At the same time, climate change, as an external pressure, increasingly affects the availability of vital resources, urban infrastructure and safety of living and operation of UWS. Extreme weather events (temperatures, floods, storms) create an imbalance and disorder in the environment and urban areas, which creates increasing problems in controlling input-output processes in the environment, urban area and infrastructure. This is especially evident in areas with a seasonal tourist economy, which internally reinforces the imbalance through increased seasonal demand. That is why these urban environments and dissipative structures are particularly exposed to climatic and economic pressures that significantly reduce their resilience and sustainability. The application IRM framework and of the circular economy strategy is therefore becoming more and more important. It is necessary to organize the recovery of available resources in a controlled and proper manner in order to prevent health and safety problems that would threaten livelihood in cities and society in general. A prerequisite is a good knowledge of the availability and characteristics of the resources generated by UWS. These are resources that are constantly at hand in the urban environment itself, ready for recovery with appropriate processing and treatment [13,14,15]. They are not directly dependent on supply chains and other supply issues, and are therefore reliable in all situations. In order to strengthen sustainability, it is very important to solve the problem systematically and comprehensively, involving all stakeholders by implementing IRM a broader philosophy. It is important to be aware that every application of technology results in an increase in entropy. Technologies based on natural processes and energy is more open and comprehensive, exchanging energy and matter with the environment, thus slowing down the increase in entropy [11]. The problem is complex and demanding and needs to be maximally adapted to local conditions that ensure effective circulation of vital resources.

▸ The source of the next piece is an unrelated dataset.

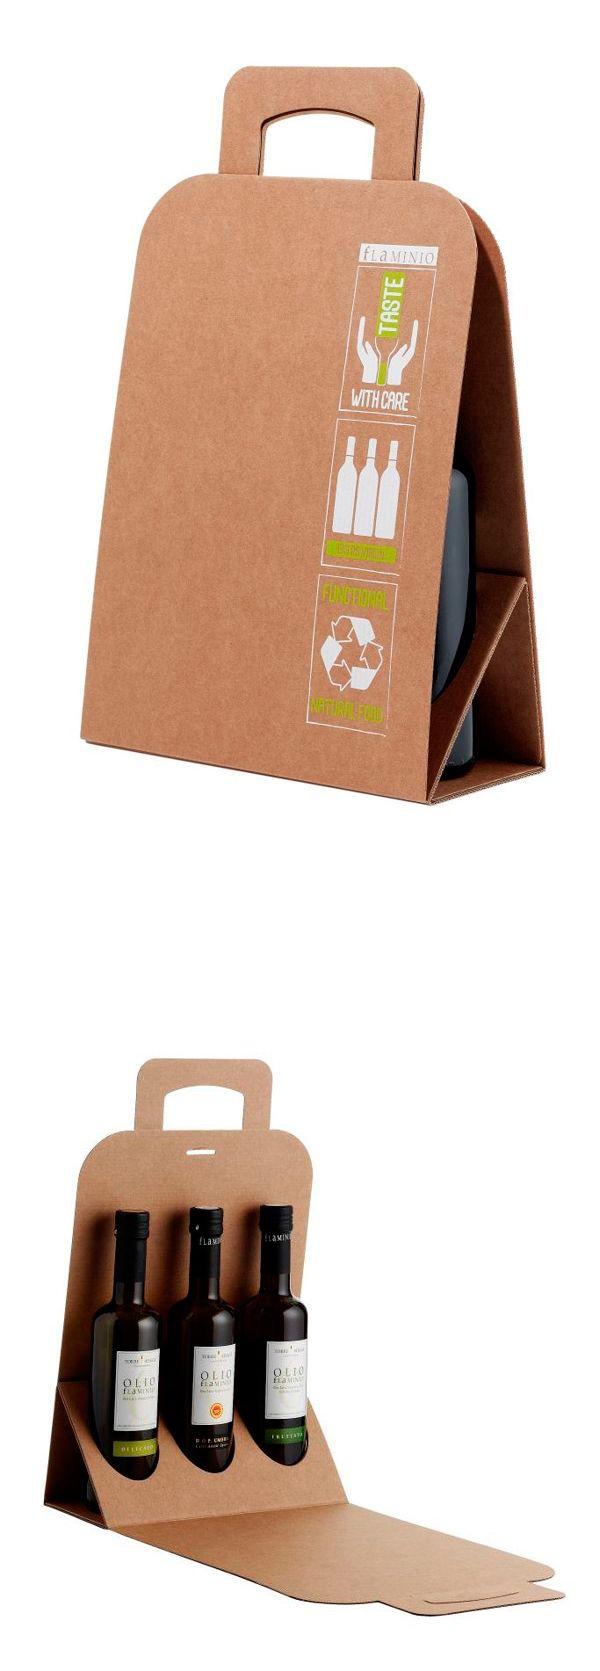 #packaging #wine

3. Urban Water System Resources Recovery Concepts

3.1. Storm Drainage System

Urban surface runoff washes away impurities from the city’s surface, leaving the waters contaminated with various substances (trash, oils, and heavy metals, sediments from landscape, roads, and roofs). Pollution load is highest at the very beginning of runoff and decreases significantly over time, which affects the application of water reuse schemes. Runoff is a flood threat to people, property, and the functioning of the city. The unpredictable input of rain and pollution produces an unpredictable output, so runoff and pollution are attempted to be regulated by implementing retention and reservoirs, as well as sediment and oil traps. Retained water is a potential water resource for various purposes (process water, fire protection, cooling, irrigation, etc.), and even for water supply (Singapore) (Figure 5) [14]. Simplified, the value of this water is a function of the magnitude of droughts in the considered area. In addition, retained/stored water is a possible source of hydropower which can be integrated with water use schemes (Figure 6). The potential depends on the gravitational potential energy of the reservoir.

Stormwater has been used for a long time in many countries, developed (USA, Australia, etc.) and especially less developed (India, etc.). The biggest obstacle to wider use is the lack of a regulatory framework, variability of inflow quantity and quality, and uncertainty in water treatment efficiency which will increase due to climate change.

To address problem urban planners and engineers adapted Water Sensitive Urban Design (WSUD). WSUD integrates stormwater infrastructure into the urban environment using green solutions (detention basins, constructed wetlands, rain gardens, and permeable pavements, green roofs), Figure 5. These natural-based solutions slow water flow, reduce runoff peak, capture water matter, reduce energy/velocity of water, by infiltration, evaporation, transpiration, storage and filtered water by ground flow and vegetation. Therefore, controlled infiltration of rainwater into groundwater, evapotranspiration of water in atmosphere, capturing and storing rainwater in the settlement, as well as environmental water from areas above the settlement, which otherwise threaten the settlement, is an acceptable solution [7,14]. These also contribute to biodiversity enhancement and urban cooling, CO₂ capture, oxygen concentration increase and air quality enhancement, and overall landscape amenity of urban space. Integral solutions for stormwater protection and use are a promising concept that is increasingly being applied in many settlements. This especially applies to settlements that have combined drainage systems (stormwater and wastewater), because keeping stormwater outside the combined drainage system prevents and reduce uncontrolled overflow of polluted water into sea and water resources.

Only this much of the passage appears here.